Unnamed: 0,Category,Rating,Frequency
244,FAMILY,5.0,65
421,LIFESTYLE,5.0,27
473,MEDICAL,5.0,25
96,BUSINESS,5.0,18
700,TOOLS,5.0,17
...,...,...,...
66,BUSINESS,1.0,1
116,COMMUNICATION,1.0,1
141,DATING,1.0,1
299,GAME,1.0,1


It appears that although family, lifestlye, medical and business are very highly rated, but they do not have as many downloads. Interestingly, the apple app store ratings are categorized into bins. I believe we can have a more comprehensive analysis by creating a column that separates ratings into bins. First, let's make sure the Rating column is the correct datatype.

In [80]:
ratings_google_apps.dtypes['Rating']

dtype('float64')

Now that we have determined ratings is a float, we can establish bins for the data, and examine the output.

In [92]:
google_apps_english['ratings_bins'] = pd.cut(google_apps_english['Rating'], 
                                             bins=[0, 0.5, 1, 1.5, 2, 2.5, 3, 3.5, 4, 4.5, 5], 
                                             labels=['0.0 - 0.5', '0.5 - 1.0', '1.0 - 1.5', '1.5 - 2.0', '2.0 - 2.5', '2.5 - 3.0', '3.0 - 3.5', '3.5 - 4.0', '4.0 - 4.5', '4.5 - 5.0'], 
                                             right=False)

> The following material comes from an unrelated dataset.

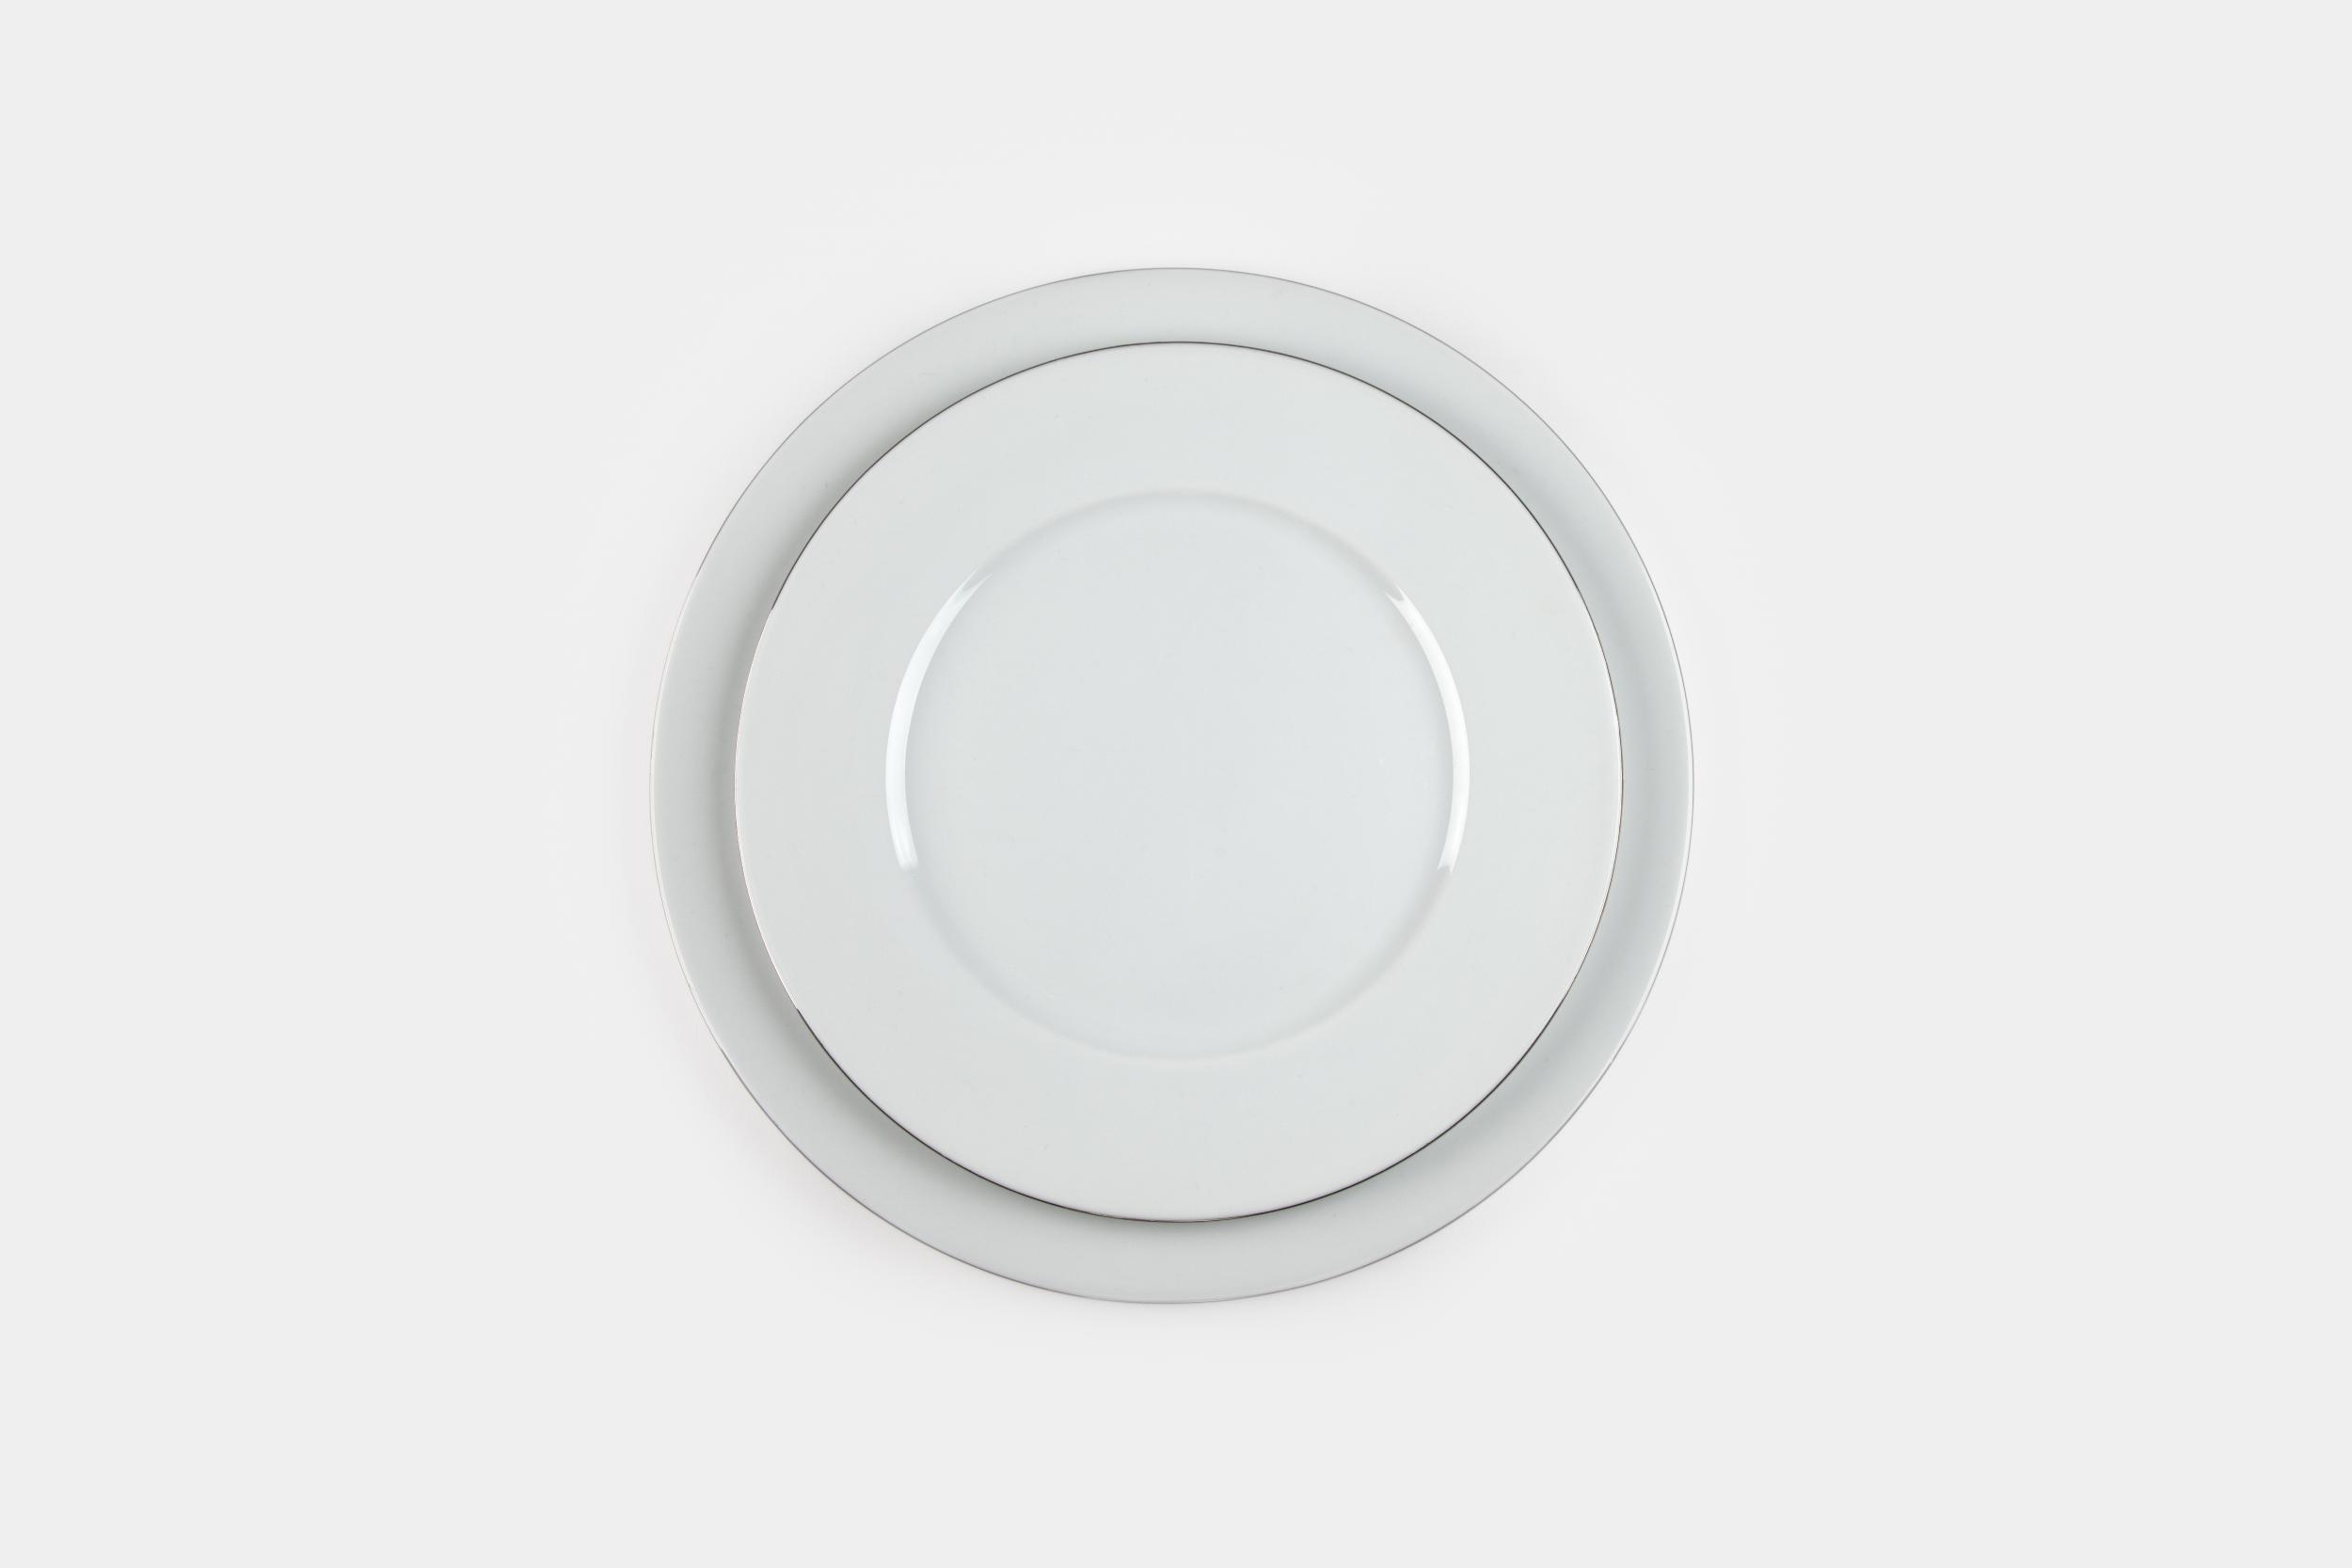 Platine plate set - Image 0

A value is trying to be set on a copy of a slice from a DataFrame.
Try using .loc[row_indexer,col_indexer] = value instead

See the caveats in the documentation: https://pandas.pydata.org/pandas-docs/stable/user_guide/indexing.html#returning-a-view-versus-a-copy
  google_apps_english['ratings_bins'] = pd.cut(google_apps_english['Rating'],


In [95]:
ratings_google_apps = google_apps_english.groupby(['Category', 'ratings_bins']).size().reset_index(name = 'Frequency')
ratings_google_apps.sort_values(by = ['ratings_bins', 'Frequency'], ascending = [False, False])

  ratings_google_apps = google_apps_english.groupby(['Category', 'ratings_bins']).size().reset_index(name = 'Frequency')


Unnamed: 0,Category,ratings_bins,Frequency
119,FAMILY,4.5 - 5.0,421
149,GAME,4.5 - 5.0,265
299,TOOLS,4.5 - 5.0,150
159,HEALTH_AND_FITNESS,4.5 - 5.0,111
239,PERSONALIZATION,4.5 - 5.0,106
...,...,...,...
280,SPORTS,0.0 - 0.5,0
290,TOOLS,0.0 - 0.5,0
300,TRAVEL_AND_LOCAL,0.0 - 0.5,0
310,VIDEO_PLAYERS,0.0 - 0.5,0


Upon analyzing the binned data, we've established that games are the second most popular highly rated category behind family. Since both games and family are highly popular on both app stores, I believe the most prudent action would be to create a game for the google app store since the genre is both widely rated and popular on both the Google and Apple app store. This concludes my analysis of the app stores, thank you very much.